Southern District of New York Rejects Reinsurer’s Claim that Exhaustion Provision Was Not Met; Concludes Indemnification Was Required Under Follow-the-Settlement Clause

December 14, 2020 by Brendan Gooley

The United States District Court for the Southern District of New York rejected a reinsurer’s denial of a claim. The court disagreed with the reinsurer’s position than exhaustion language had not been satisfied, and found the exhaustion language ambiguous and concluded that payment was required under a “follow-the-settlement” clause in the reinsurance certificate.

Fireman’s Fund Insurance Company issued three excess liability policies to Asarco. The third policy (“Policy 3”) provided “coverage of $20 million for losses in excess of $75 million in excess of a $3 million self-insured retention for the period March 15, 1983 to March 15, 1984.”

General Accident Insurance Company reinsured Policy 3 under a facultative reinsurance contract in which it assumed “15% . . . of the risk assumed in Policy 3.”  OneBeacon Insurance Company subsequently became the successor-in-interest to General Accident.

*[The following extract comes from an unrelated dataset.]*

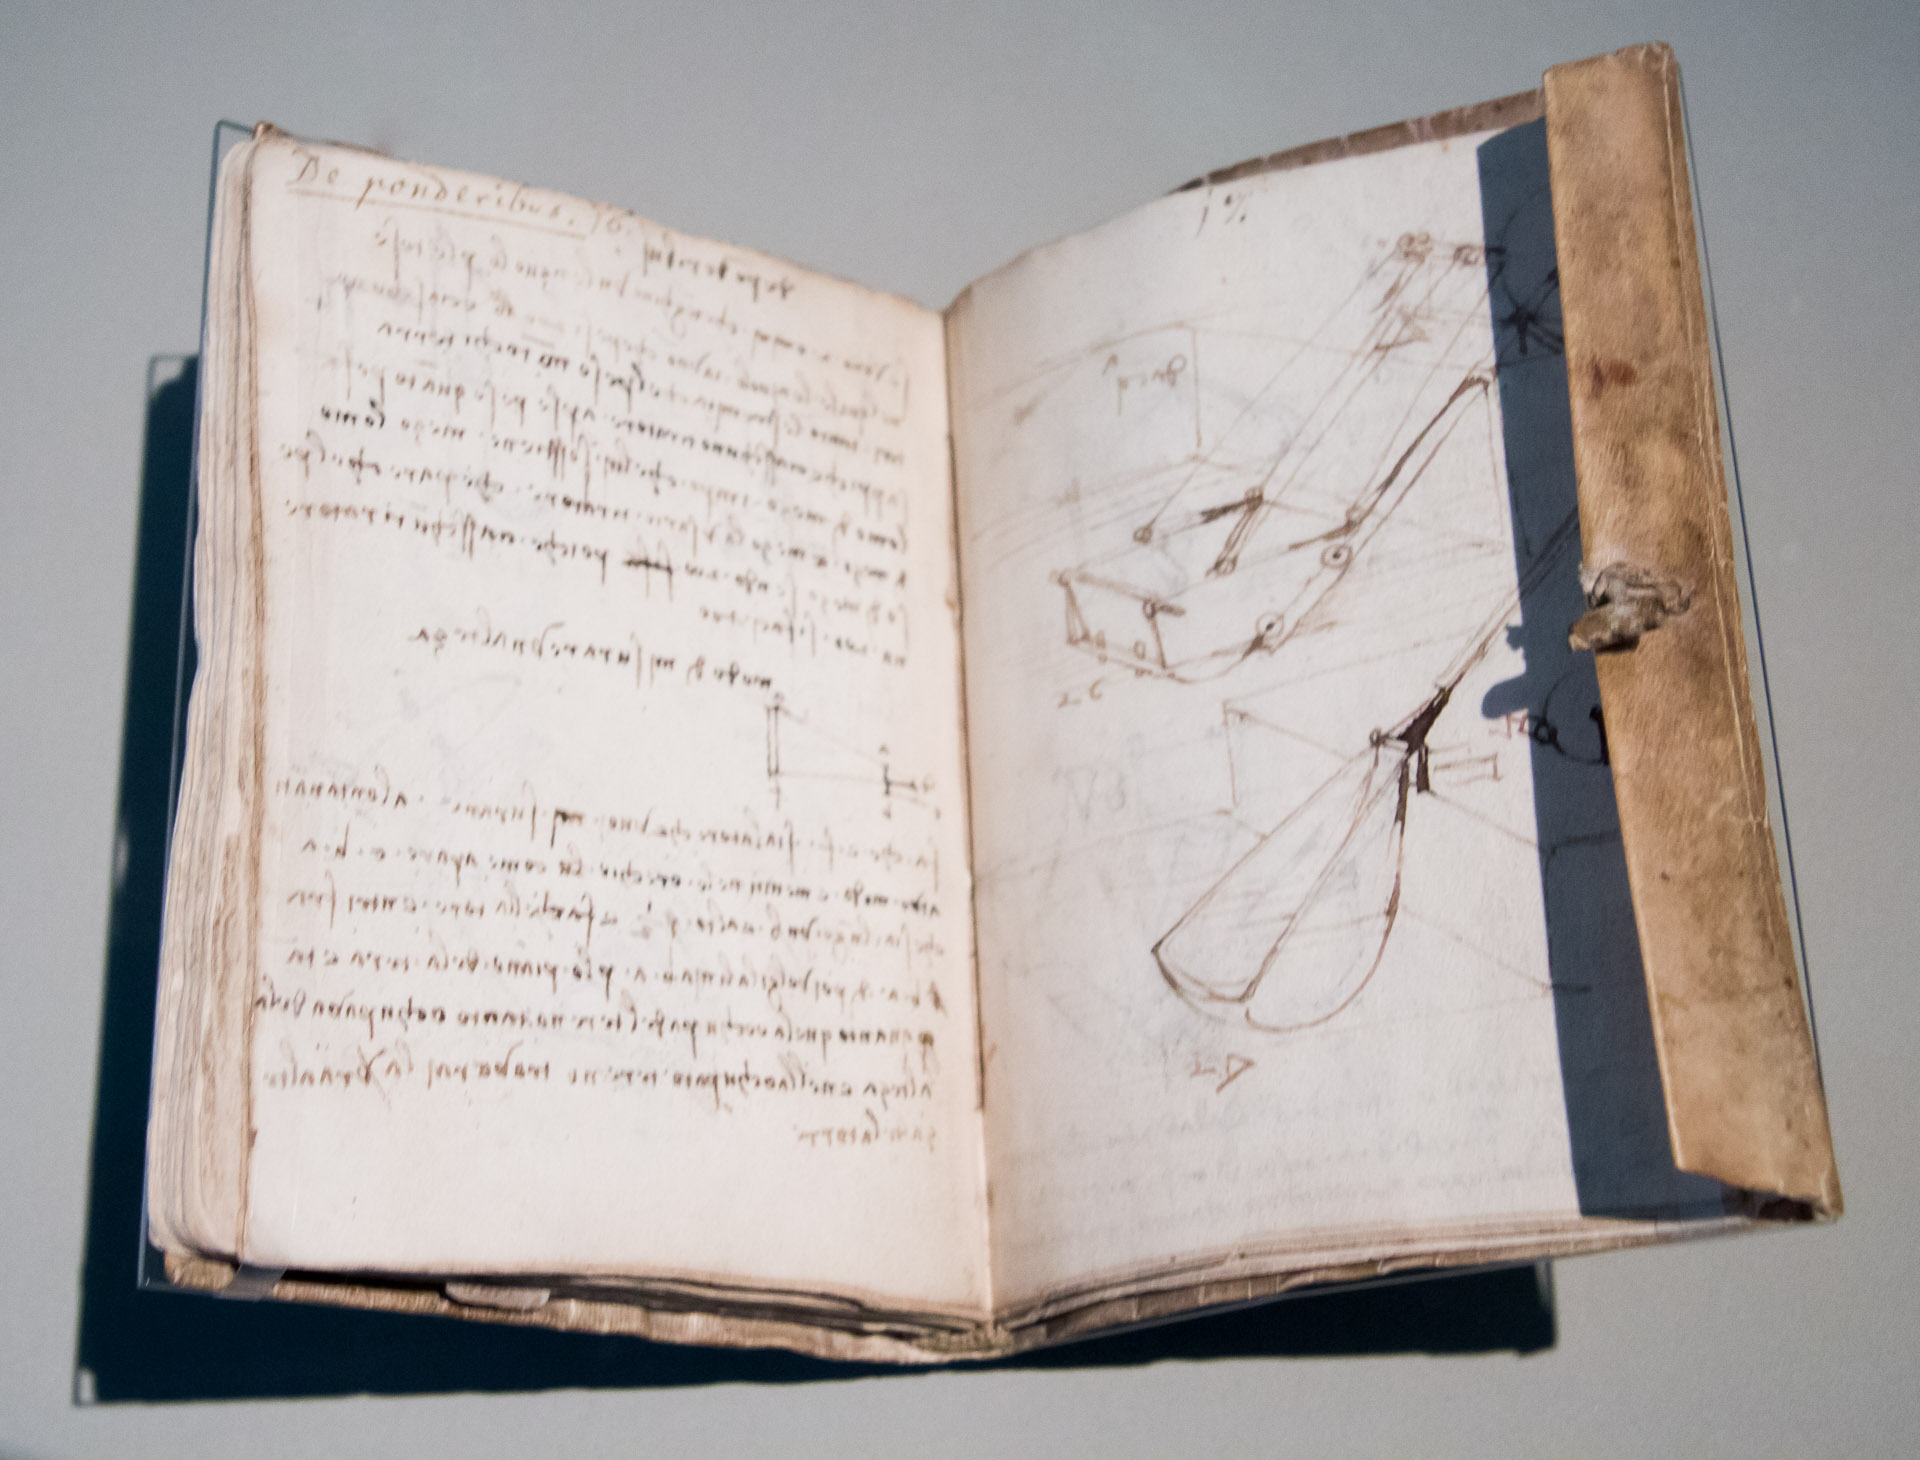 Da Vinci notebook at the Victoria and Albert Museum in London
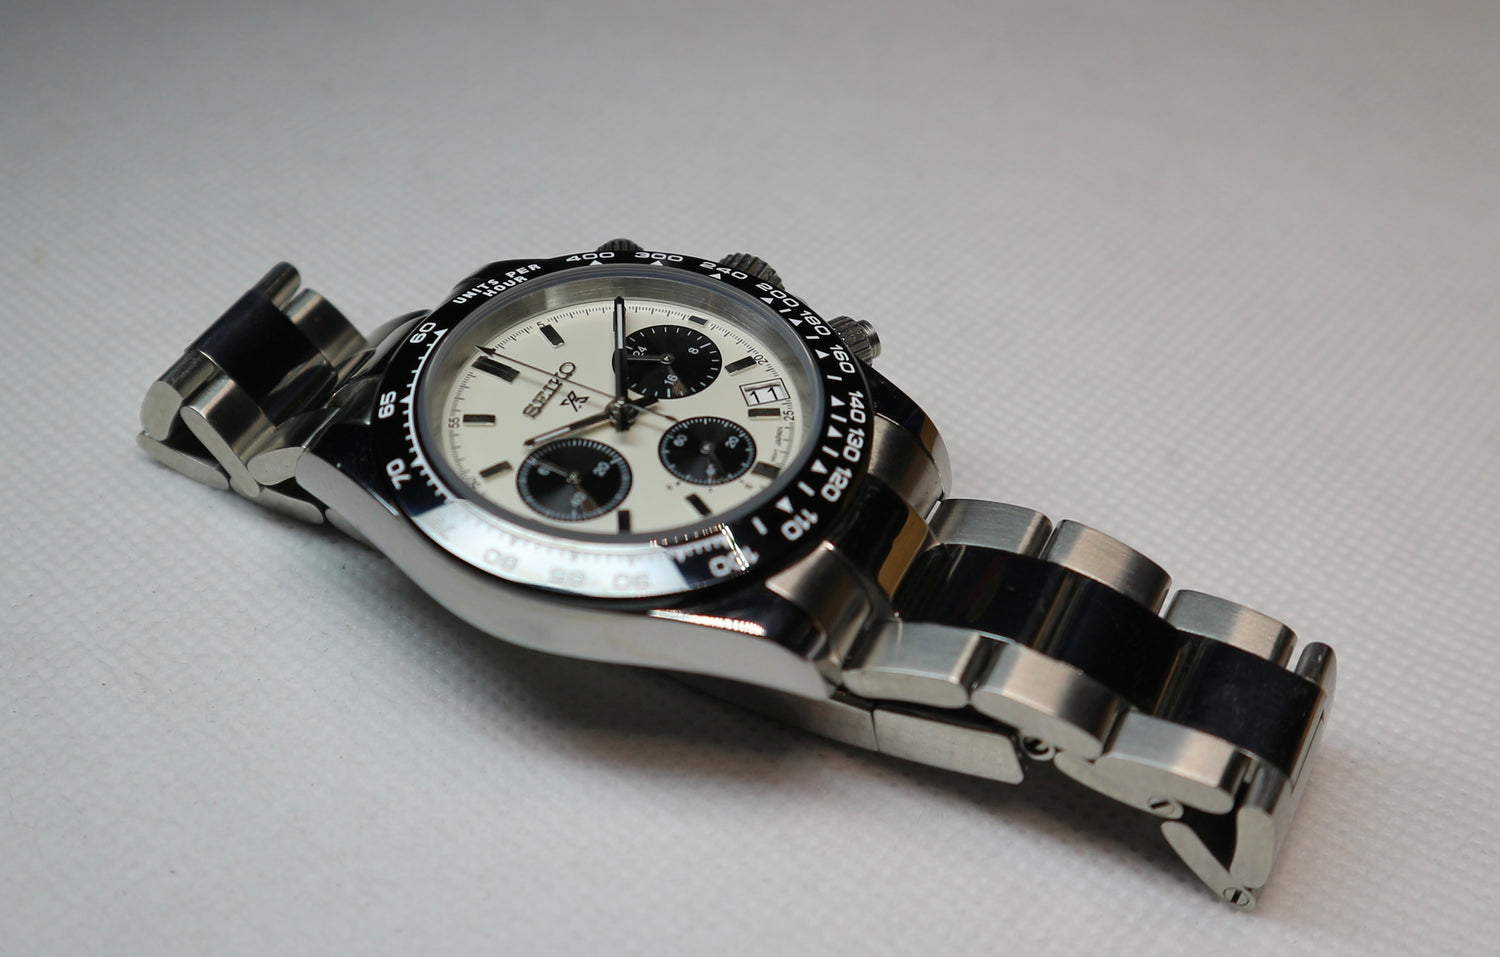 Montre Daytona seiko mod panda custom watch – Moddertimer

Asarco filed an action against Fireman’s seeking coverage for asbestos exposure. Fireman’s estimated its exposure at $50.3 million. It settled with Asarco for $35 million and allocated a portion of that settlement to Policy 3 in accordance with its exposure analysis.

Fireman’s then billed OneBeacon pursuant to the reinsurance agreement. OneBeacon denied Fireman’s claim, asserting that the policies underlying Policy 3 had not been exhausted.

The court granted summary judgment to Fireman’s. In short, the court explained that the reinsurance certificate contained a “follow-the-settlements” provision that required OneBeacon to make payments in accordance with Fireman’s good-faith settlement, which was reasonable. That clause was not trumped by any exhaustion clause in Fireman’s policies because the term exhaustion was ambiguous within the meaning of Fireman’s policies.

Fireman’s Fund Ins. Co. v. OneBeacon Ins. Co., No. 14-civ-4718 (PGG) (Oct. 19, 2020).